------ Given data ------
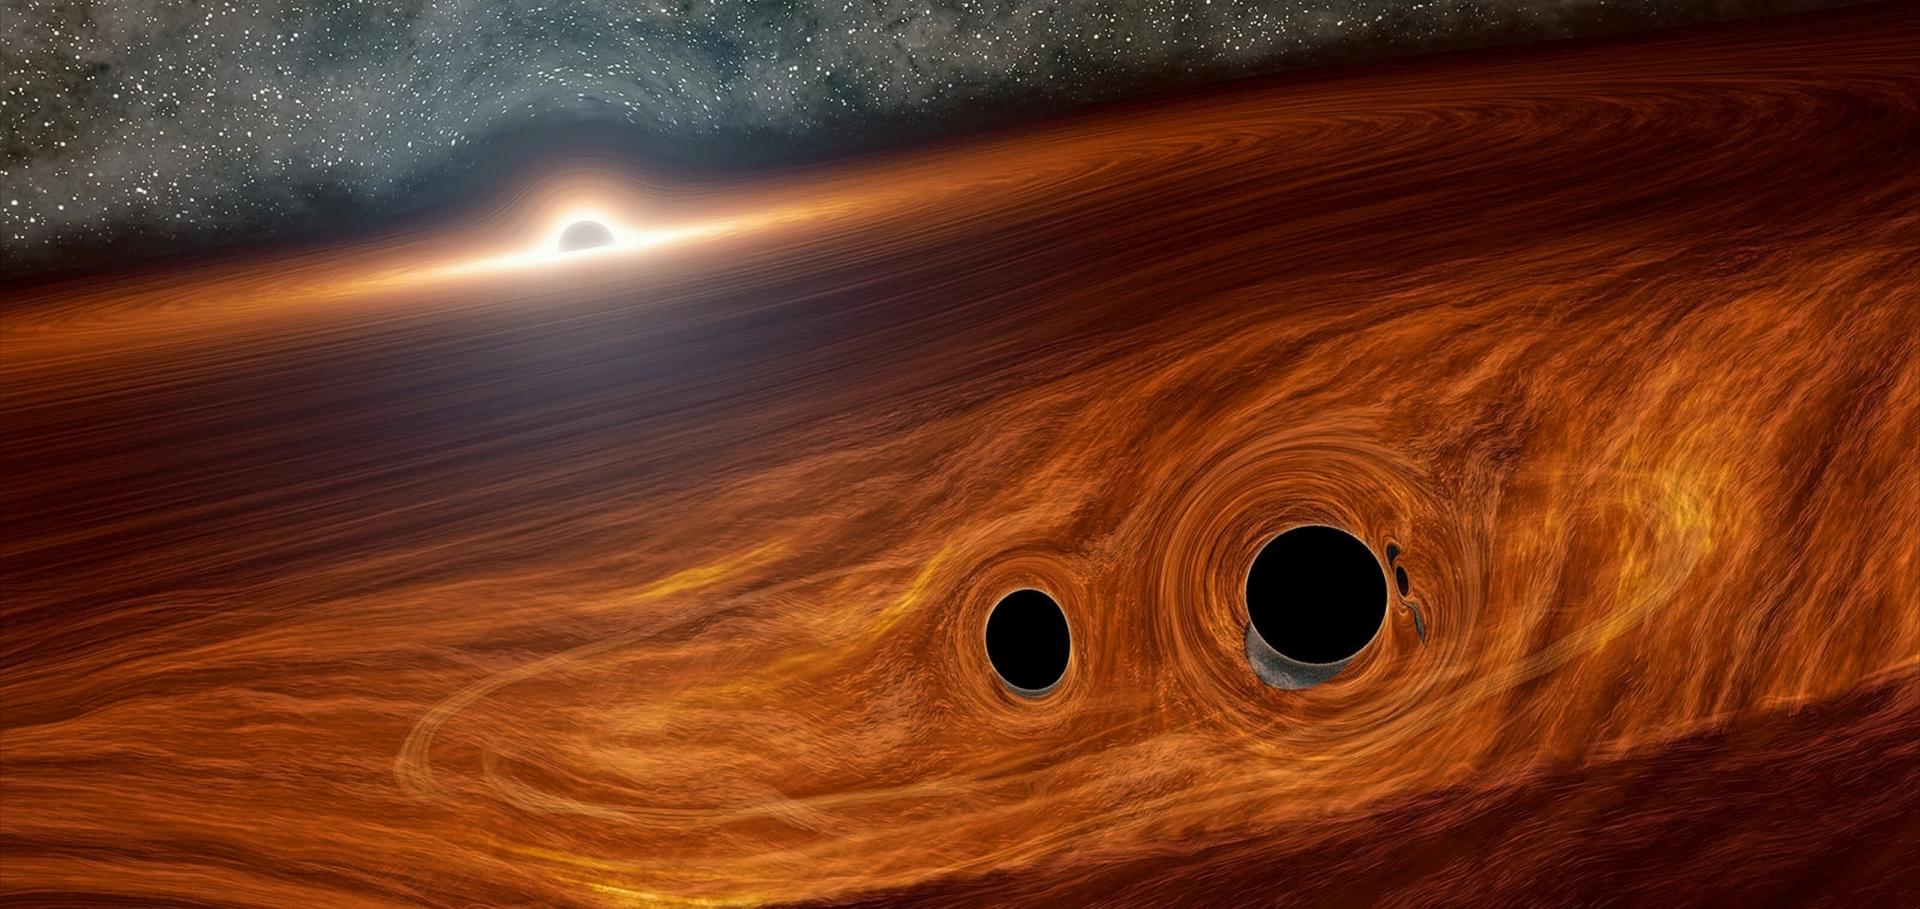 An illustration of a black hole binary within an AGN disk
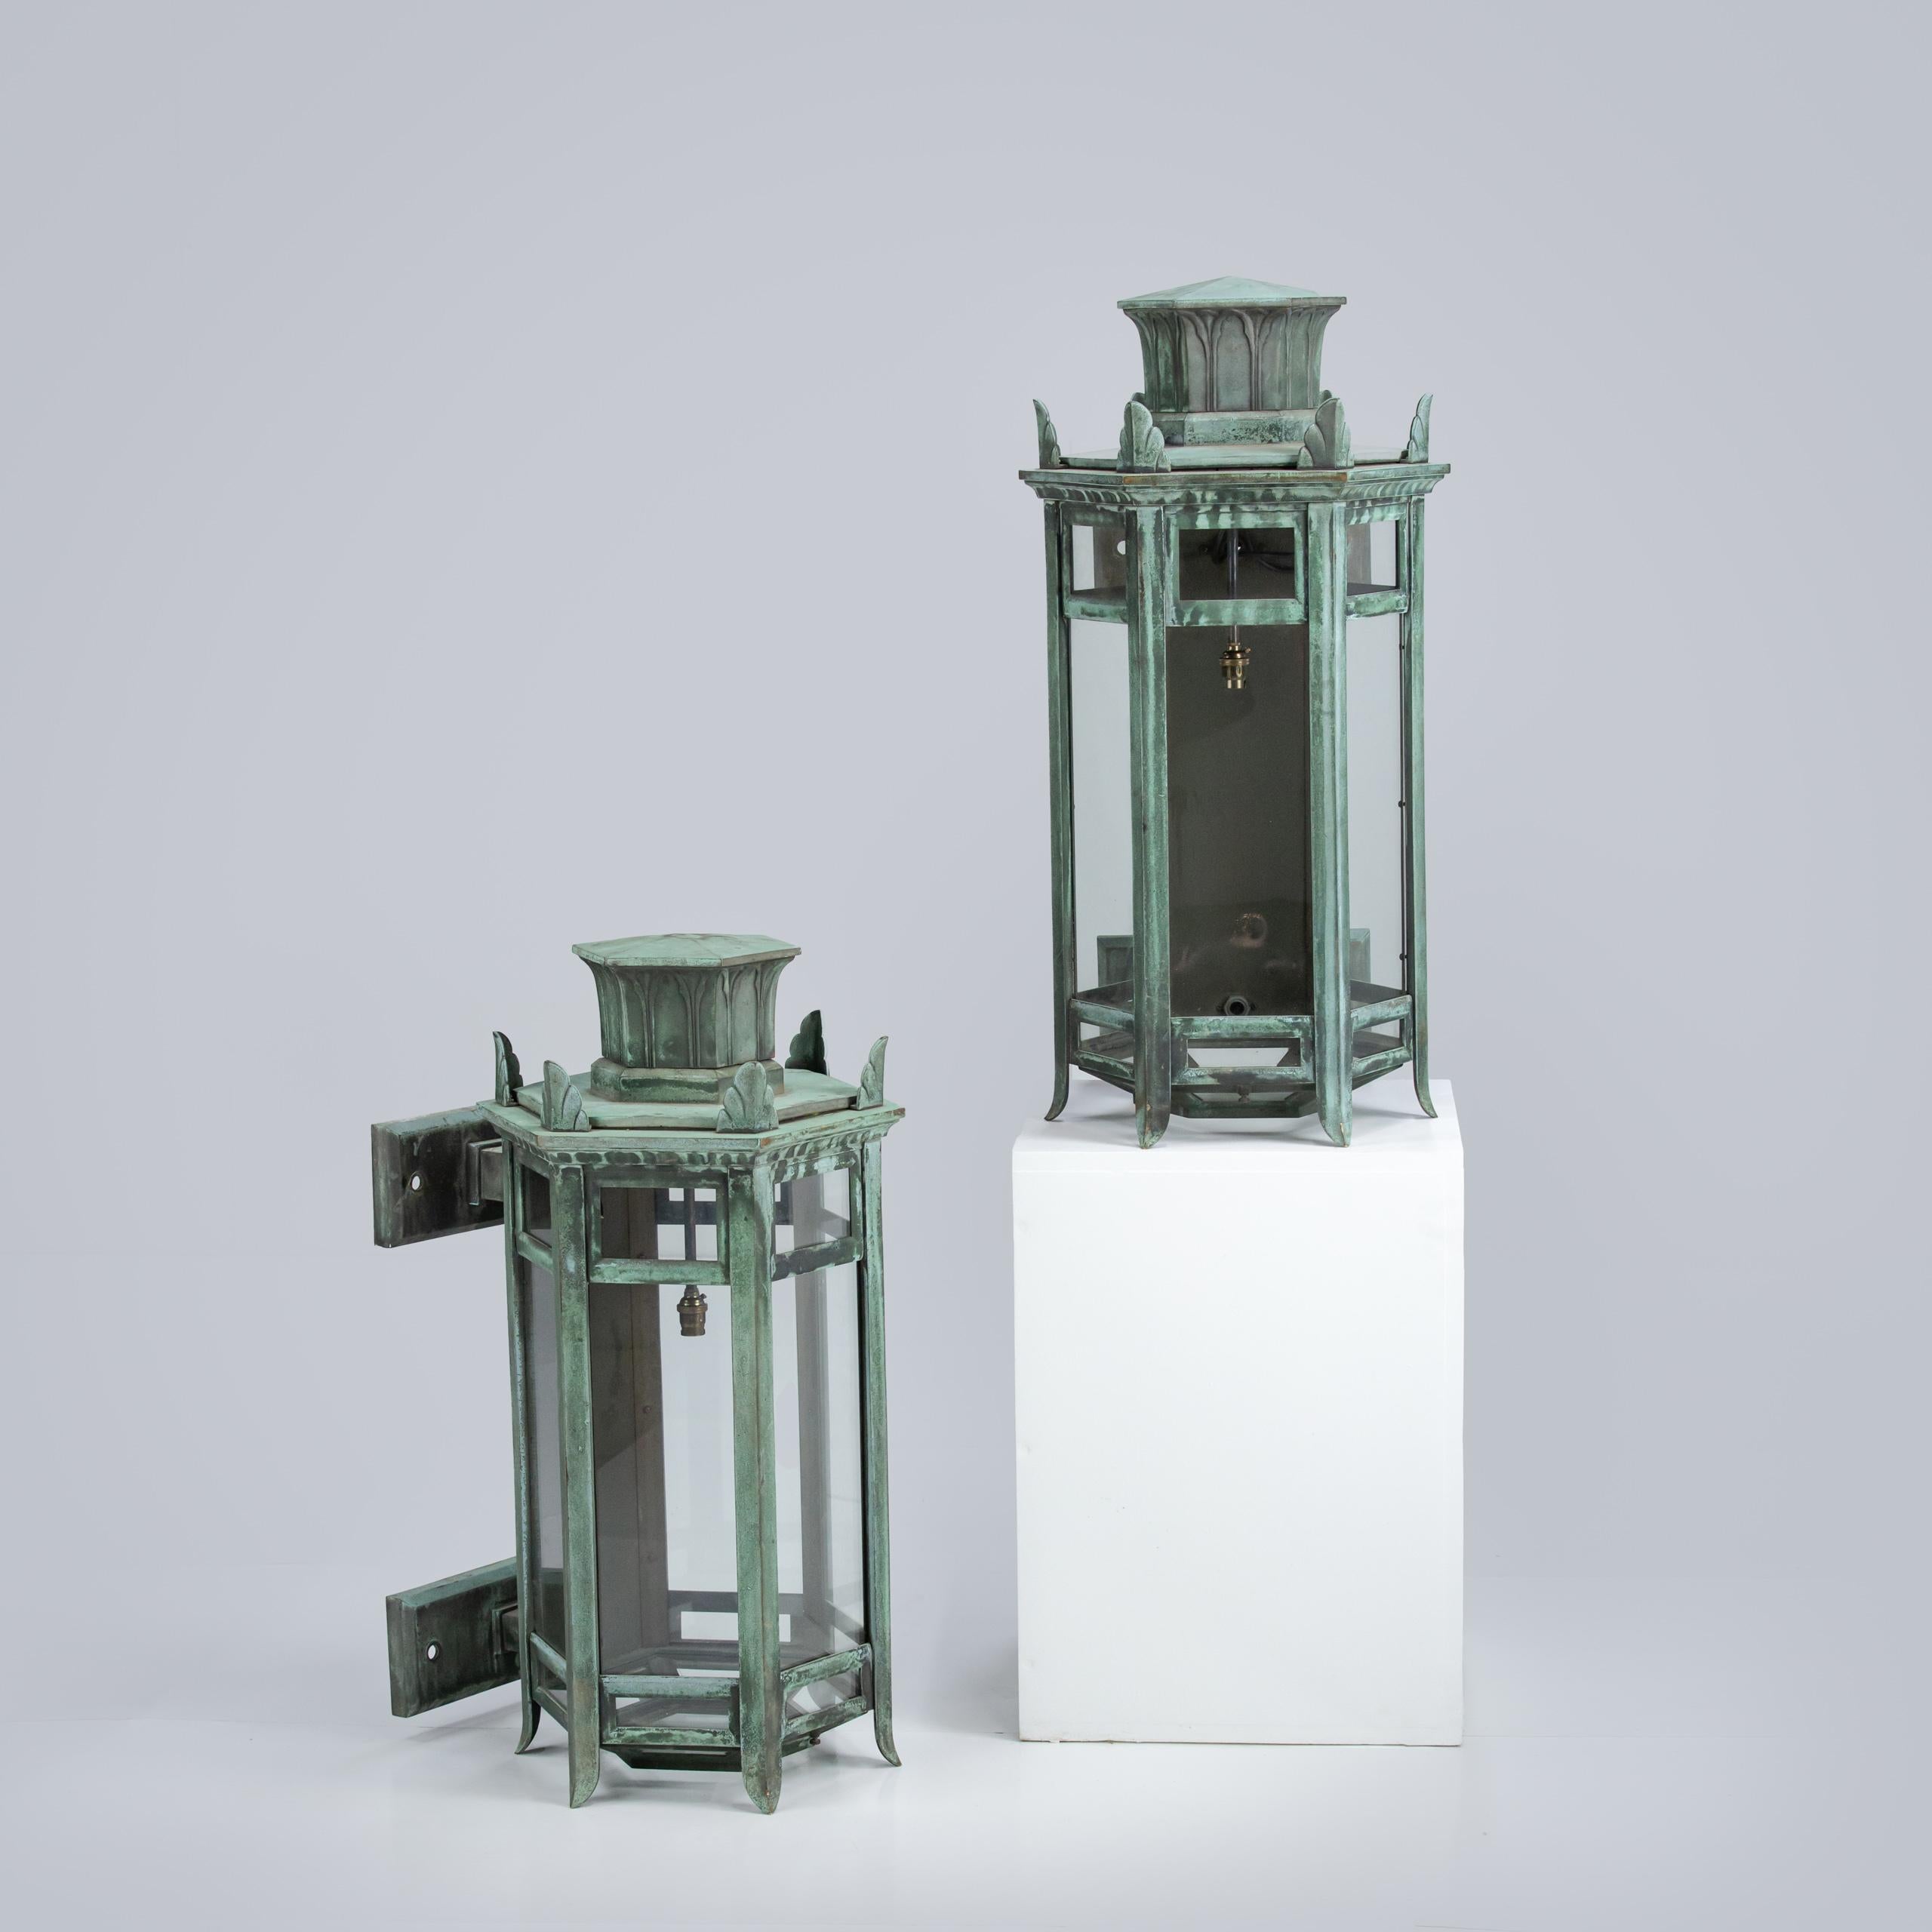 Truly magnificent pair of bronze wall hung porch lanterns, simply vast scale, excellent natural verdigris patination. Fine crisp casting. Beautifully manufactured. 

England, Early 20th Century.
------
### Problem requirements
Keeping pictures out, repeat exactly the lines from the one containing "Truly magnificent pair" through the end of the listing.

### Response box
 Truly magnificent pair of bronze wall hung porch lanterns, simply vast scale, excellent natural verdigris patination. Fine crisp casting. Beautifully manufactured. 

England, Early 20th Century.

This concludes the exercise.